Nick Foles,Caleb Hanie,John Skelton,Kevin Kolb and Cam Newton(?) won Junior College National Championship @ Blinn,tx JC before Auburn.........lol its crazy i know.


----------



## B166ER420 (Dec 6, 2012)

Tonight's winner....................Denver


----------



## Corso312 (Dec 6, 2012)

I still don't. Know how the fuck Charlie batch beat ravens in Baltimore.


----------



## B166ER420 (Dec 8, 2012)

Lets recap my picks since I started week 7...12-1
week 8...11-3
week 9...12-2
week 10...11-3
week 11...10-4
week 12...11-5
week 13...8-8....what can I say!?
Total.......75-26

The last four weeks they haven't been printing weekly season stats/leaders......its good to have it all on one page,clicking back and forth between pages(kindle fire) licks balls....anyway im a little more confident in this weeks picks,there were some easy ones and not so easy ones.
My picks week 14:
Denver(Thurs)&#8730;
St.Louis?
Dallas
Cleveland?
Indianapolis
Chicago
Pittsburgh...if I say it nicely maybe they'll lose
Tampa Bay
Baltimore
Atlanta
N.Y Jets....Holy Cross formation
San Fran
Seattle
Green Bay
Dun!...dunn!....duuunnnnn!!!!!FUCKING New England!!?Tom Brady against our db's outplays our defensive line.IF Arian Foster has over 150y we WIN!
I know.....I picked 7 road teams


----------



## PeyoteReligion (Dec 9, 2012)

Hawks ftw baby!


----------



## PeyoteReligion (Dec 9, 2012)

Wow the hawks are spanking the cardinals! Total domination.


----------



## Corso312 (Dec 9, 2012)

Hawks look good...indeed....


----------



## PeyoteReligion (Dec 9, 2012)

Holy shit hawks blow out the cards 58-0! What the fuck! I have no voice right now!


----------



## Fazer1rlg (Dec 9, 2012)

Goin for my home town Denver Broncos!


----------



## Corso312 (Dec 10, 2012)

So a wakeup for you Texans fans?...weak schedule. Exposed?


----------



## B166ER420 (Dec 11, 2012)

Corso312 said:


> So a wakeup for you Texans fans?...weak schedule.

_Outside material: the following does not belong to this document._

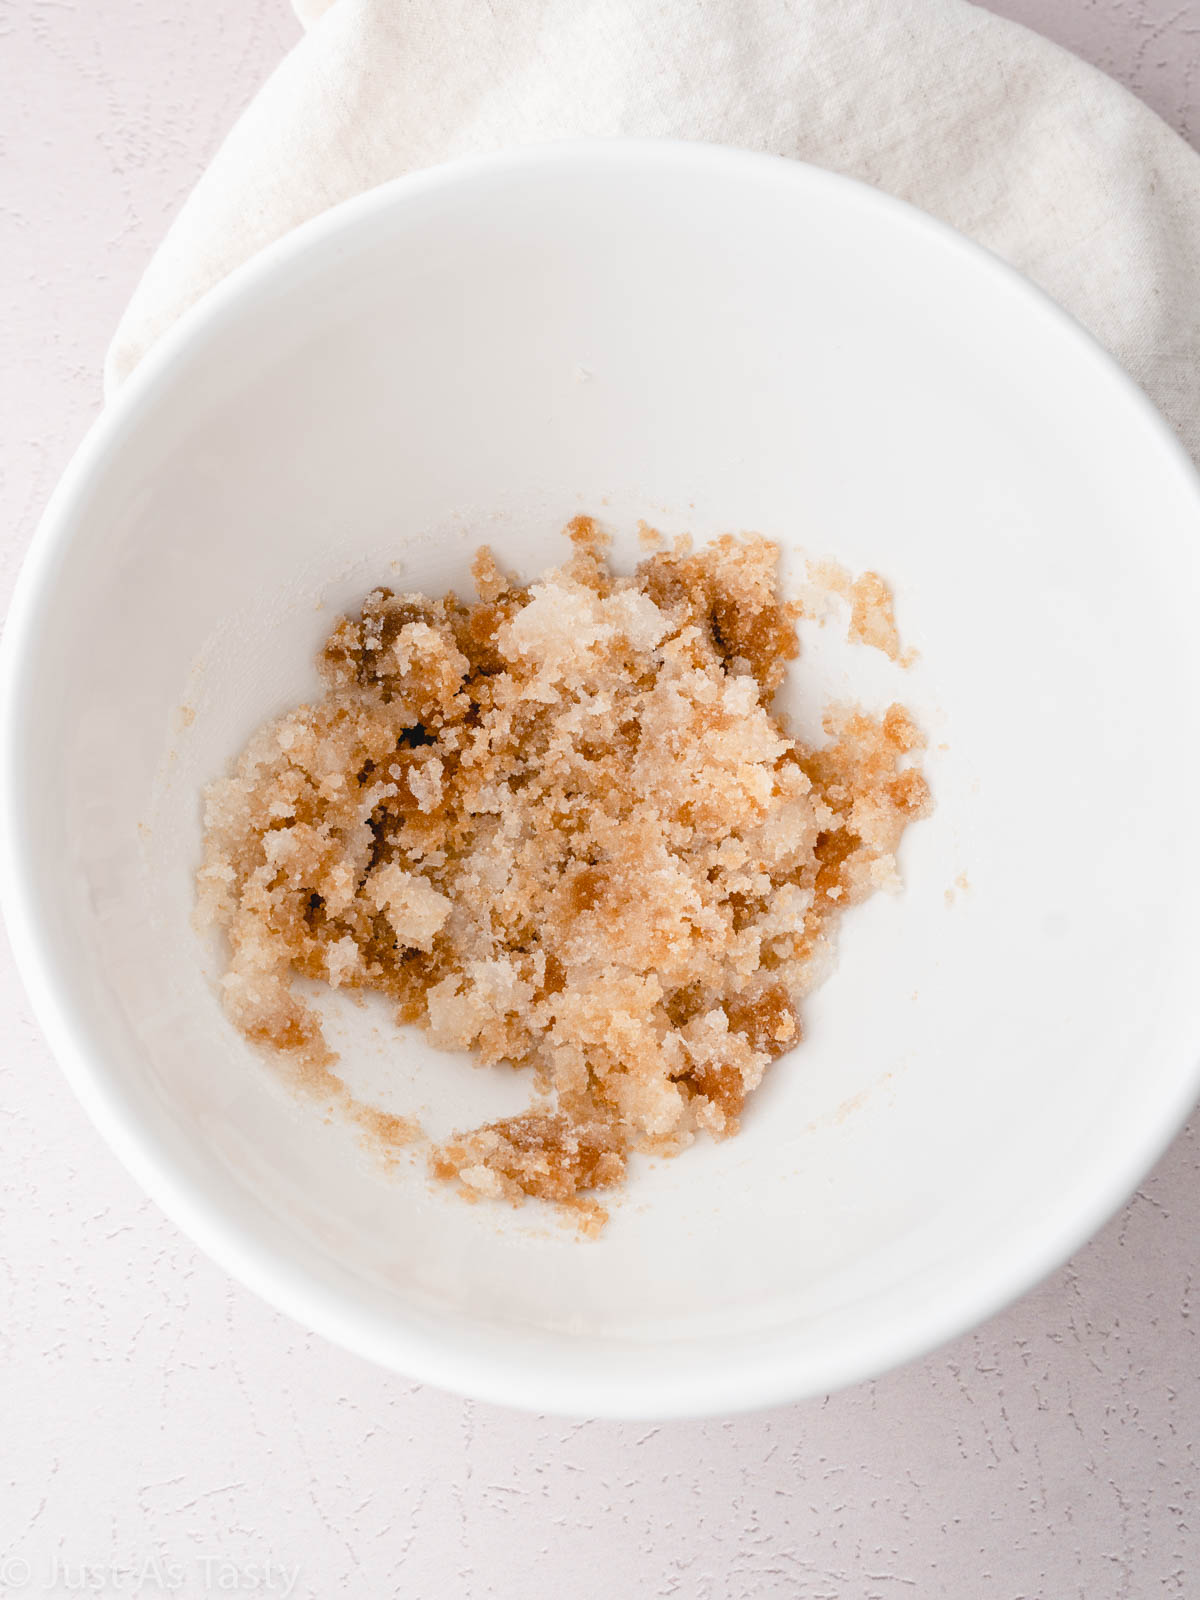 Sugar and oil in a bowl.
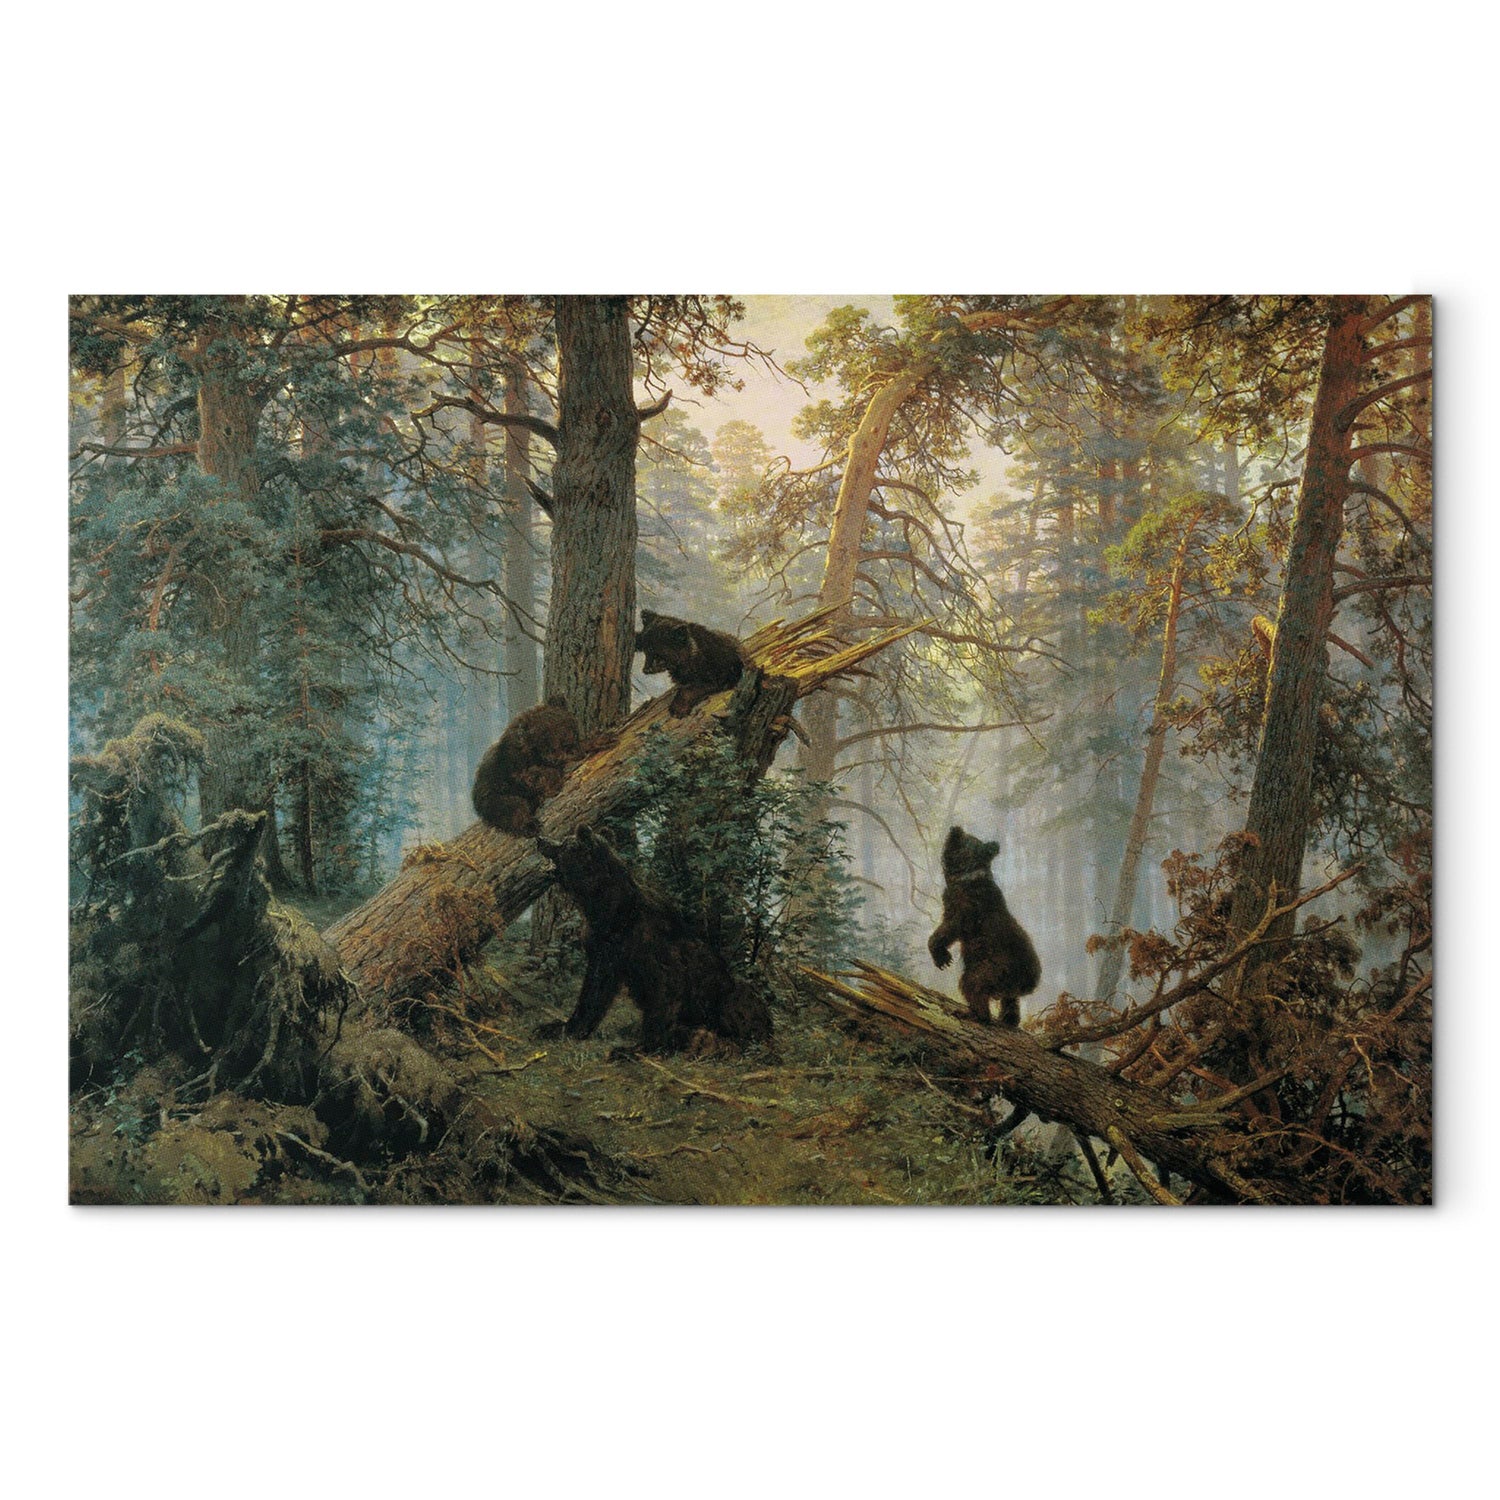 Reproduction Canvas Wall Art - Morning in a Pine Forest

Exposed?


Im starting to feel hostility from YOU,did I say something or it it a Texas thang?!...weak schedule?(7th weakest...fyi)exposed?only to a hall of fame Qb in his prime at home battling for home field advantage,we got lucky he didn't score 100.We have a weak pass defense(cb,s)
Beat Miami (5-6)
beat Jacksonville (2-9)
beat DENVER (8-3)
beat Tennessee (4-7)
beat NYJ. (4-7)
Lost G.B (7-4)
beat BALTIMORE (9-2)
beat Buffalo (4-7)
beat CHICAGO (8-3)
beat Jacksnoville (2-9)
beat Detroit (4-7)
beat Tennessee (4-7)
Lost N.E. (8....9-3)
now we have to play Ind twice to decide div.champ,plus Minnesota.........fuck me!!!We might not win division.....wtf?!?!.....lol
btw........nothing is easy in Texas everyone is biased against us, any time we slip up, haters pounce on every opportunity.......STOP THE HATE!


----------



## Corso312 (Dec 11, 2012)

Defense been getting torched as of late...they need fishing back.


----------



## B166ER420 (Dec 11, 2012)

Not to make excuses but no crushing,brooks reed,bradie james,Alan ball,Jonathan joseph, has really sucked............no pass defense,qb's have been picking us apart as of late........still 7th best defense(320y,20ppg).


----------



## VER D (Dec 12, 2012)

TEXANS 11-2 All I Gotta Say


----------



## B166ER420 (Dec 13, 2012)

Tonight's pick...
Cincinnati


----------



## Vinland88 (Dec 13, 2012)

Broncos.... over... all....


----------



## B166ER420 (Dec 16, 2012)

My picks week 15:
(Thurs)Cincinnati&#8730;
Green Bay&#8730;
Houston&#8730;
BaltimoreX
Miami&#8730;
ClevelandX
Minnesota&#8730;
New Orleans&#8730;
Atlanta&#8730;
Seattle&#8730;
San DiegoX
DetroitX
Oakland&#8730;
Dallas.....I hope&#8730;
New EnglandX
(Mon)Tennessee&#8730;


----------



## PeyoteReligion (Dec 16, 2012)

Seattle again with the smash out win it looks like!


----------



## Corso312 (Dec 16, 2012)

Seattle looking good...Chicago n Detroit suck


----------



## Fazer1rlg (Dec 16, 2012)

Broncos are on a roll!


----------



## doublejj (Dec 17, 2012)

49ers will be the Super Bowl this season. Prob against the Bronco's............


----------



## Corso312 (Dec 17, 2012)

My preseason pick was SF vs Baltimore ....Baltimore is done...so Denver or Houston or new England. In the arc...


----------



## B166ER420 (Dec 22, 2012)

My picks (week 16):
(Sat)Atlanta
Houston
Carolina
Miami
Pissburgh
New England
Indianapolis
Dallas
Washington
Tampa Bay
N.Y. Jets
Green Bay
Denver
Chicago....if da bears get beat by da cards.......dey suck balls!
N.Y. Giants
Seattle


----------



## Corso312 (Dec 22, 2012)

I am pulling for cards, I want milkdud fired.....miners spank Seattle.


----------



## B166ER420 (Dec 23, 2012)

Corso312 said:


> I am pulling for cards, I want milkdud fired.....miners spank Seattle.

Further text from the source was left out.